Как голубая колибри, взлетела она на вершину и ударила по стволу веткой. Пальма стала вытягиваться и вытягиваться и коснулась наконец самого неба. Она привязала пальму к небу и протянула мне руку. Я осторожно вступил на небо, но голова моя закружилась.
Вдруг я услышал музыку. Бодрые звуки веселой пляски, которую исполняют после удачной охоты на тапира.
- Только не вздумай глядеть на пляски! - сказала она, оставляя меня одного.
- Куда ты? - спросил я, но она уже исчезла.
И я остался стоять перед пустотой, а сзади гремела веселая пляска и слышался смех. Не в силах сдержать любопытство, я обернулся. Это плясали скелеты.

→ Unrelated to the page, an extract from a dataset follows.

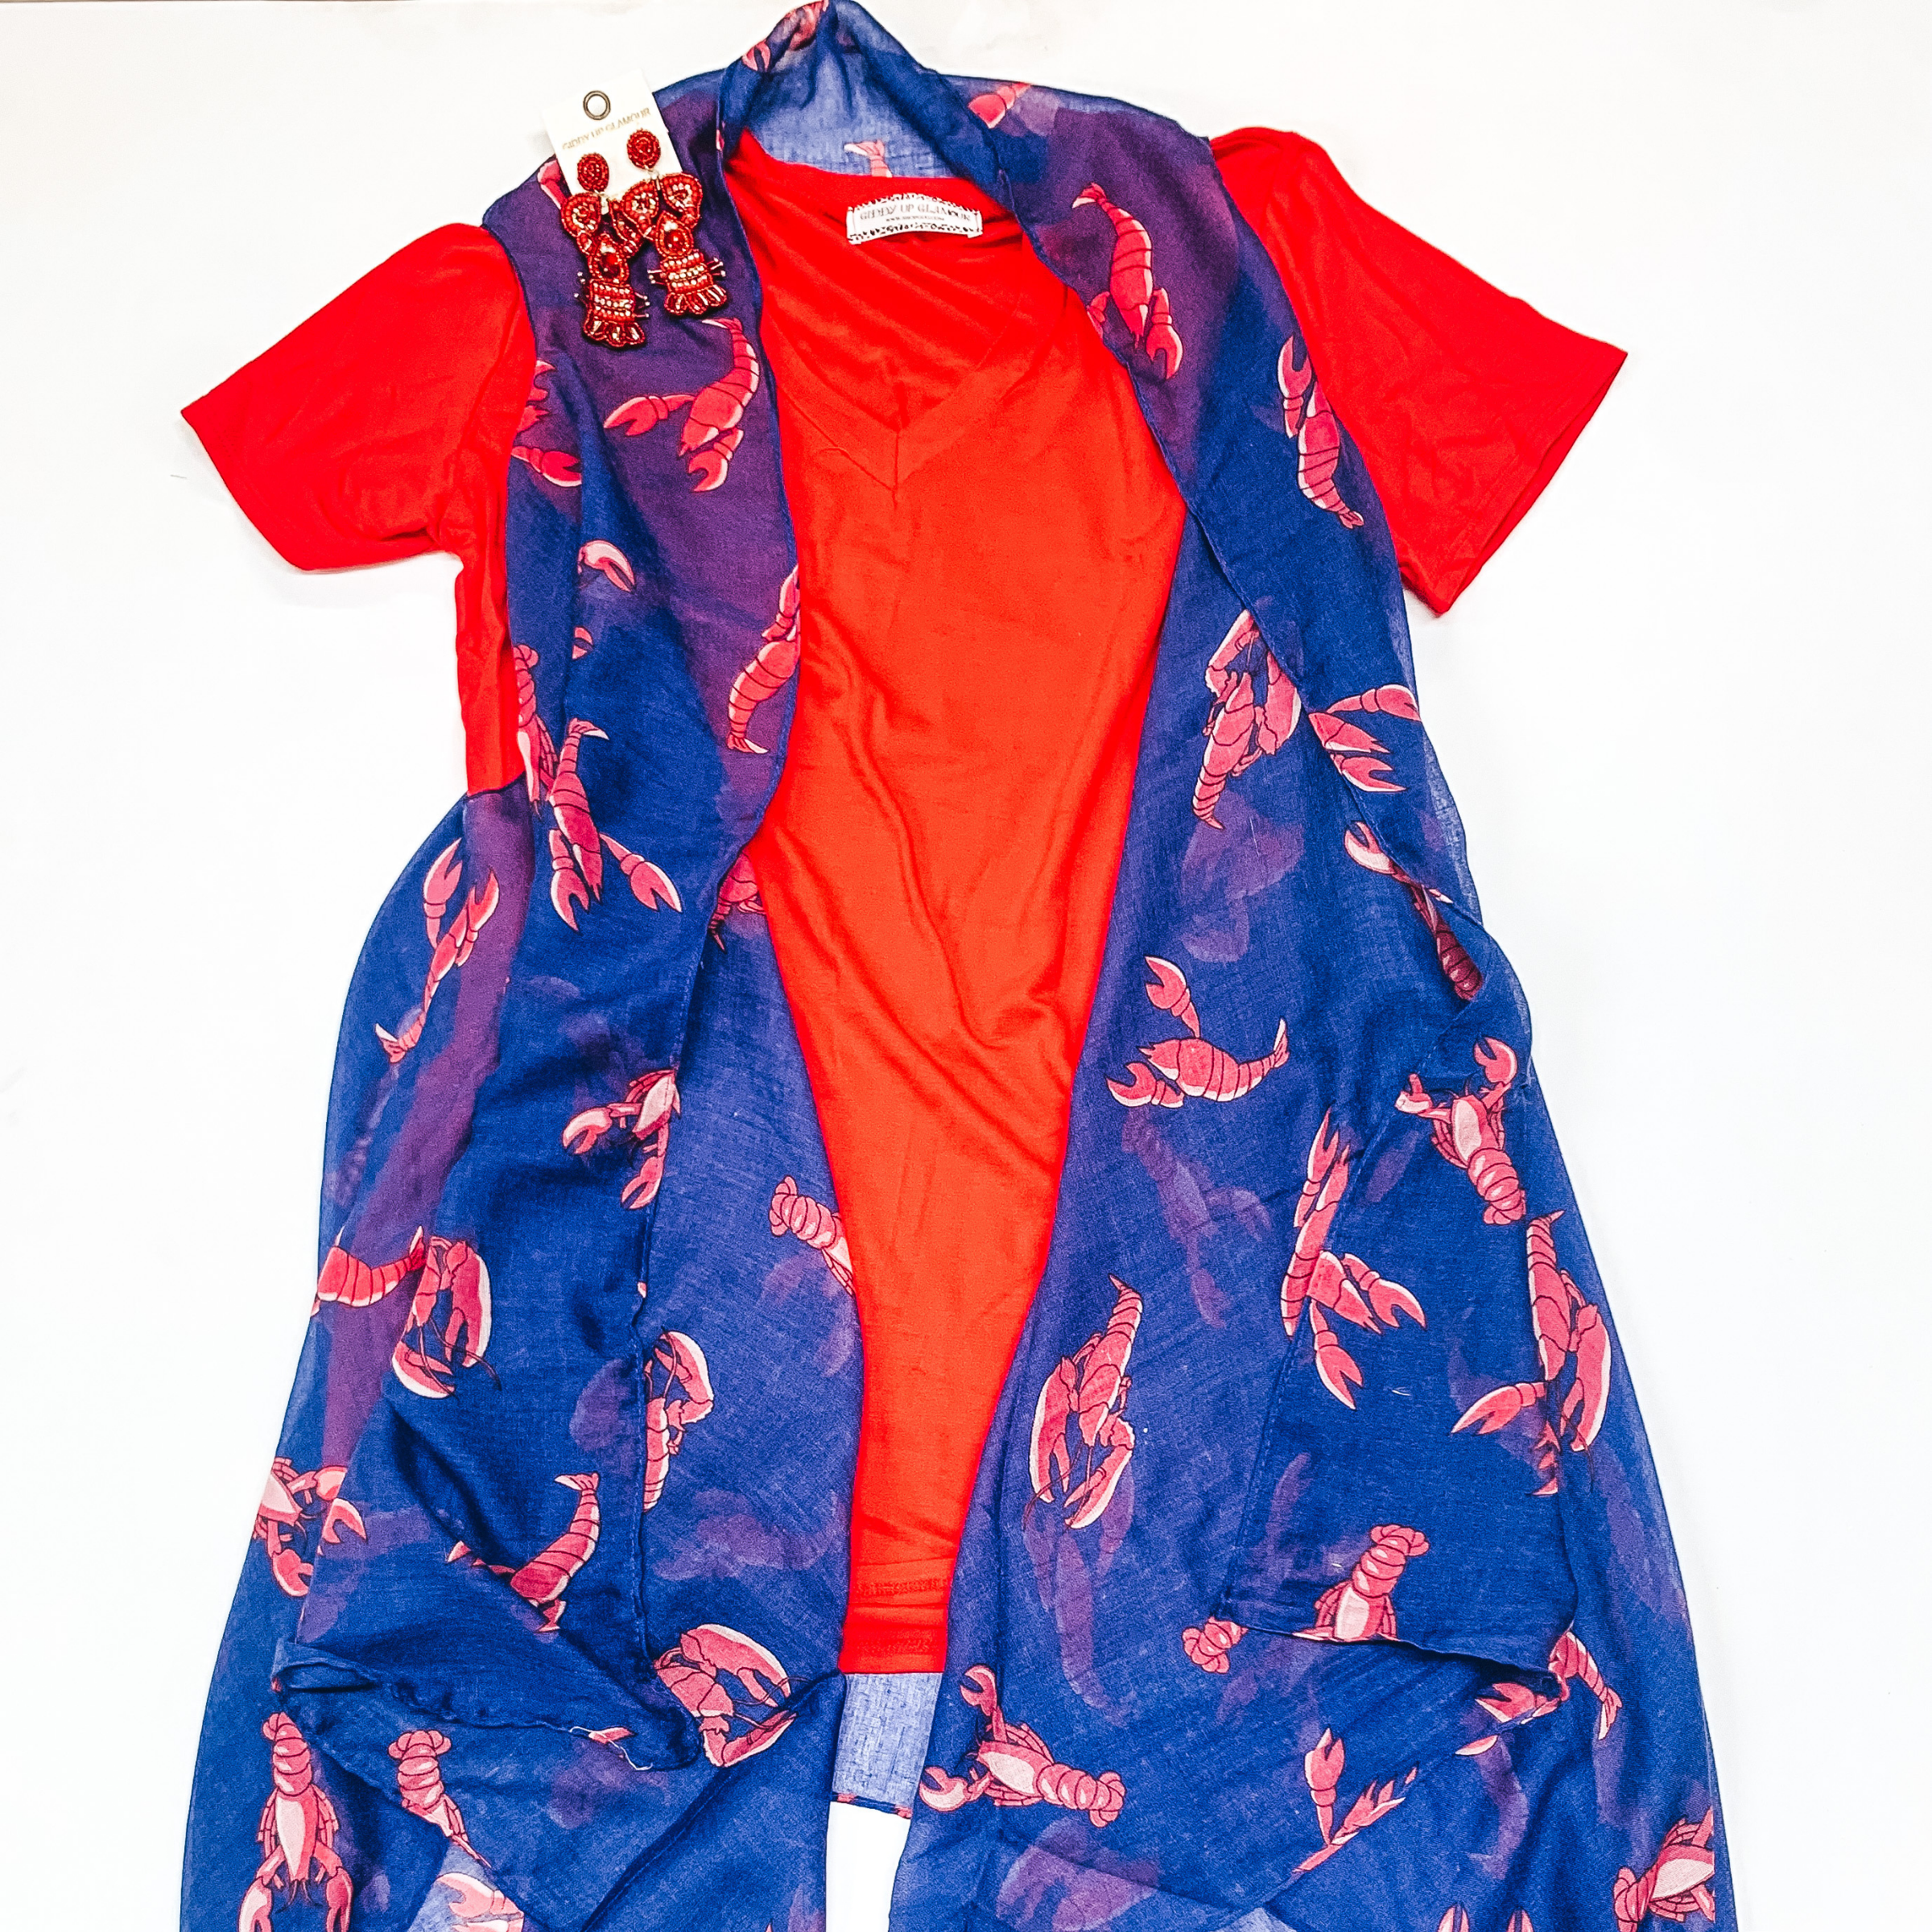 I Wanna Be Loved Bayou Sheer Crawfish Vest in Royal Blue - Giddy Up Glamour Boutique

Я задохнулся от ужаса и побежал в пустоту. Но тут возвратилась она и стала бранить меня за то, что я нарушил запрет. Потом принесла воды и стала смывать с моего тела белые пятна, которые выступили на нем во время страшной пляски.

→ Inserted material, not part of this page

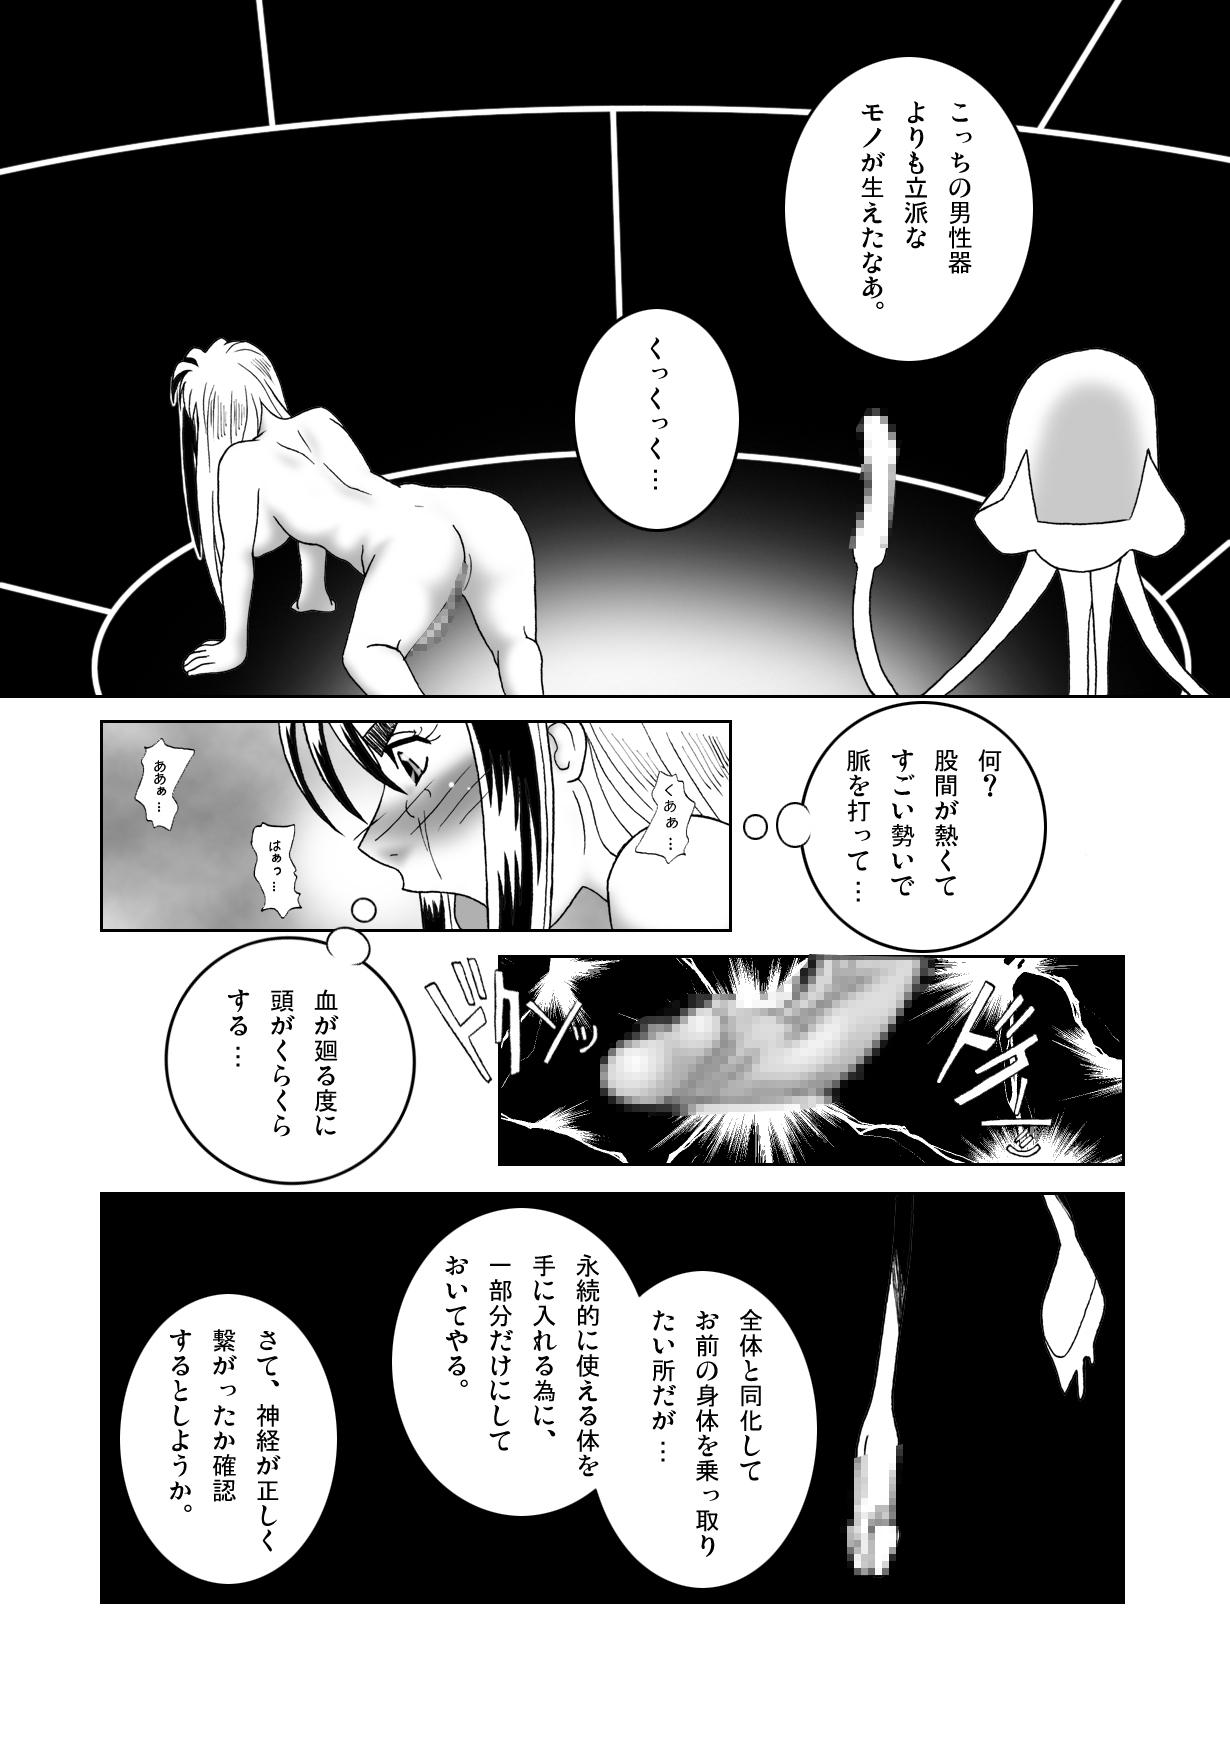 Panocha Tetsuwan Seed Dai 2 Wa Shokubai - Birdy the mighty Large - Page 7

Где-то под сердцем у меня открылась холодная пустота. Я окинул небо широко открытыми невидящими глазами и вдруг побежал к тому месту, где была привязана пальма. Ударил по стволу веткой и понесся к земле.
С грустью смотрела она мне вслед:
- Зачем ты бежишь от меня? Ты все равно ничего не сумеешь забыть.
Все случилось так, как сказала звезда. На земле я заболел страшной, неизлечимой болезнью.
И вот я умираю, Дениз. Но я ничего не могу забыть.
Поезжай в Амазонас, Дениз. Там, в самом сердце сельвы, течет река Шингу. Разыщи маленькое гордое племя шеренте, и ты узнаешь конец сказки о нас с тобой. Я так и не досказал тебе эту сказку в тот последний вечер. Помнишь? Моя бабка была шеренте, Дениз.
"Вот откуда индейцы узнали о том, что там, наверху, их вовсе не ждет блаженство, хотя и светят им оттуда звезды, ласково маня в небеса", заканчивала сказку моя бабка-шеренте...
Что ты так смотришь на меня, Дениз? У тебя совсем пусто в глазах. Пусто, как на небе. Почему ты не плачешь? У тебя нет слез? Или, может быть, тебя просто не научили плакать? Вон оно в чем дело... Кому я обязан счастьем? Таволски? Генералу? Начальнику военного ведомства? А может быть, тебе, Дениз? Ты все же зарегистрировалась и позволила снять с себя молекулярную карту. Зачем ты это сделала? Зачем?!
Да? Понимаю... Ты очень соскучилась. Не знала, что я умираю. Не знала, что я все равно умираю. Ты не вынесла одиночества, Дениз.
Нет, не прикасайся ко мне. Я говорю не с тобой, а с Дениз, которая просто не вынесла одиночества и теперь плачет у себя дома. А ты даже не умеешь плакать. Ты, наверное, второго сорта? Ведь правда? Благодетели решили немножко сэкономить на мне... И то верно, стоит ли особенно стараться из-за каких-нибудь двух дней...
Значит, ты все же не выдержала, Дениз. Мне очень жаль тебя, бедняга. Нам сильно не повезло. Мы не заслужили такого невезения.
Но зачем такое мучение! К чему вся эта низость напоследок! Конечно, они хотели сделать как лучше. Таволски прекрасный парень, но нельзя же быть таким идиотом! Кого они думали провести? Меня? Меня? Меня?! Нет, я не желаю вам, майор медслужбы Таволски, такого конца. Не желаю. Так безнадежно испортить последние минуты. Имейте хоть уважение к смерти! Эрзац-любовь. Эрзац-смерть. Какой мрачный и пошлый юмор! Значит, все общество, вся цивилизация безнадежно больны, если могут себе позволить такое...
Уберите же ее от меня! Уберите-е-е-е!..
11 августа 19** года. День. Температура 40,2.